I graduated from college in 1998, got a full time job, and proceeded to gain weight (all those lunches in the office cafeteria). I was still watching tennis, especially Pete, who made it look like a form of art in my eyes. Until one day in 2001 when he got beat by this kid from Florida at the Miami Masters. Who is this brat that dared to beat Pete? Two months later that same kid was on my TV again, falling all over the place on red clay, looking like Pigpen from the Peanuts comic strip. He beat Michael Chang! Wow, he has no respect for these legends, does he? Two days later, he was rolling around again, trying to play a match against Hewitt despite being in obvious pain, with his coach waving frantically for him to get off the court... Fast forward to early 2002, the Aus Open, and I am avidly following this kid, looking for his matches, his stats, any info about him. I thought he was exciting, he played tennis like a train wreck, emotions all over the place. And he was rolling around on court again, but this time he twisted his ankle and had to pull out of another match. I found his official website and discovered that he would be playing in San Jose, which isn't too far away. I went to the tournament website to buy tickets, but clicked on the volunteer link instead. My first tournament ever, not only would I see some professional tennis, but I have the opportunity to meet some players and tennis people. Cool.
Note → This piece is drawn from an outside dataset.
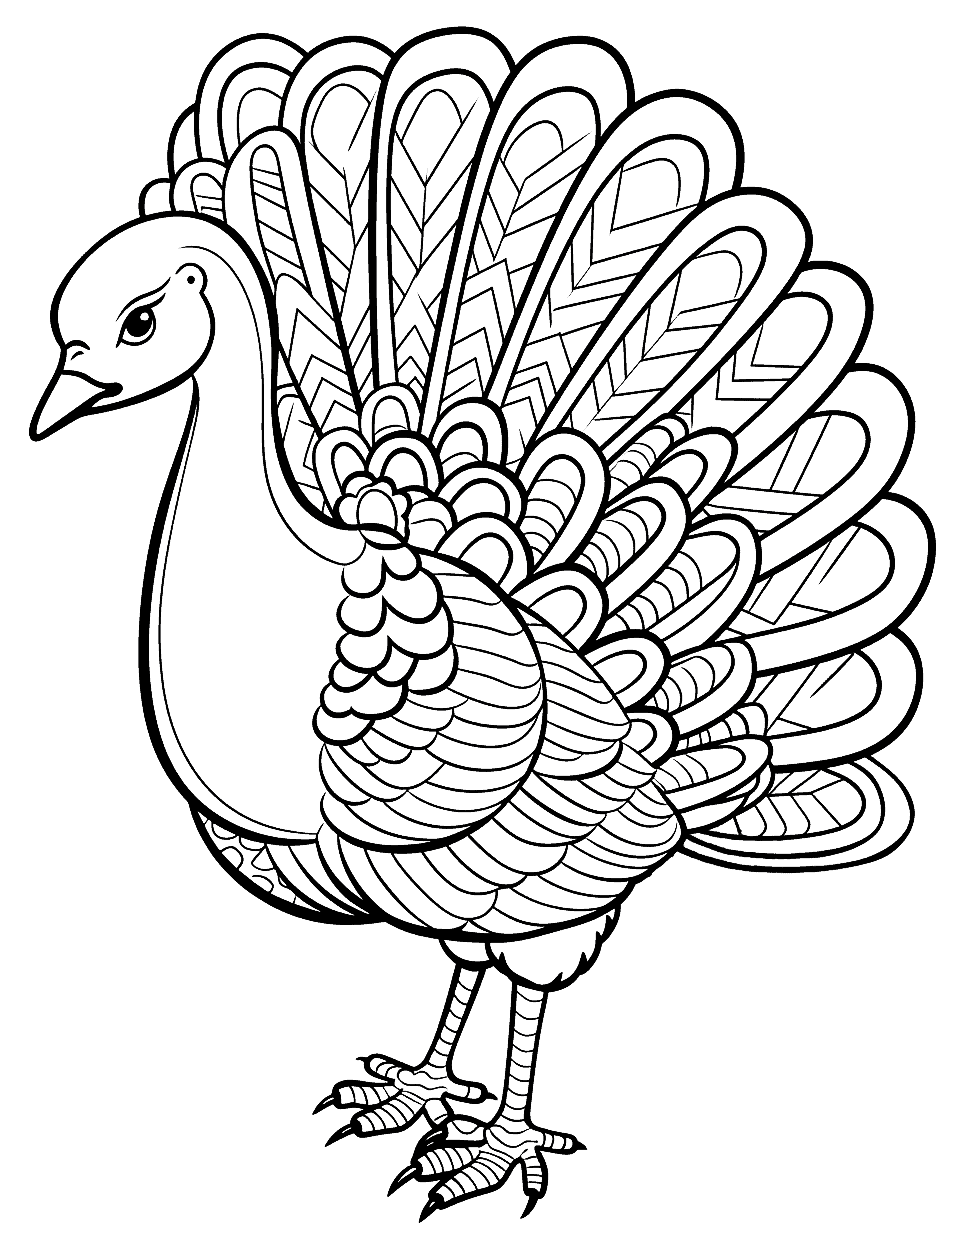 Zentangle Inspired Turkey Coloring Page - A turkey filled with complex zentangle patterns, ideal for older kids.

I drove that kid after he lost his semi-final match to Andre Agassi. He said he should send Andre a check for the tutoring session because he sure taught him a lesson in that match. He was nice enough to talk to his driver during that short trip, make a few jokes, etc. Seemed like a good kid, raised well by his parents. Complete contrast to the other player I met at that tournament (an older American player, rude jerk from New Jersey). Pete Sampras made tennis look like an art form that us mere mortals could never achieve. Andy Roddick made tennis look like a crazy, fun, physical workout that just about anyone could throw their body into. A few weeks later when the weather was nice, I dug my racquet out of the closet and headed up to our community courts to check out the club and take lessons. I met really cool tennis players in my city, I met cool tennis fans on various internet message boards, and I lost weight. I went to more tournaments and met more players and more fans, many of whom have become friends (including that one player from New Jersey who has matured and changed from the rude guy I met in 2002).

So, thank you Andy Roddick. Now get your head together, and stop standing nine feet behind the baseline please.
Pros should stop wasting money on coaches and doctors and just read the experts on this forum.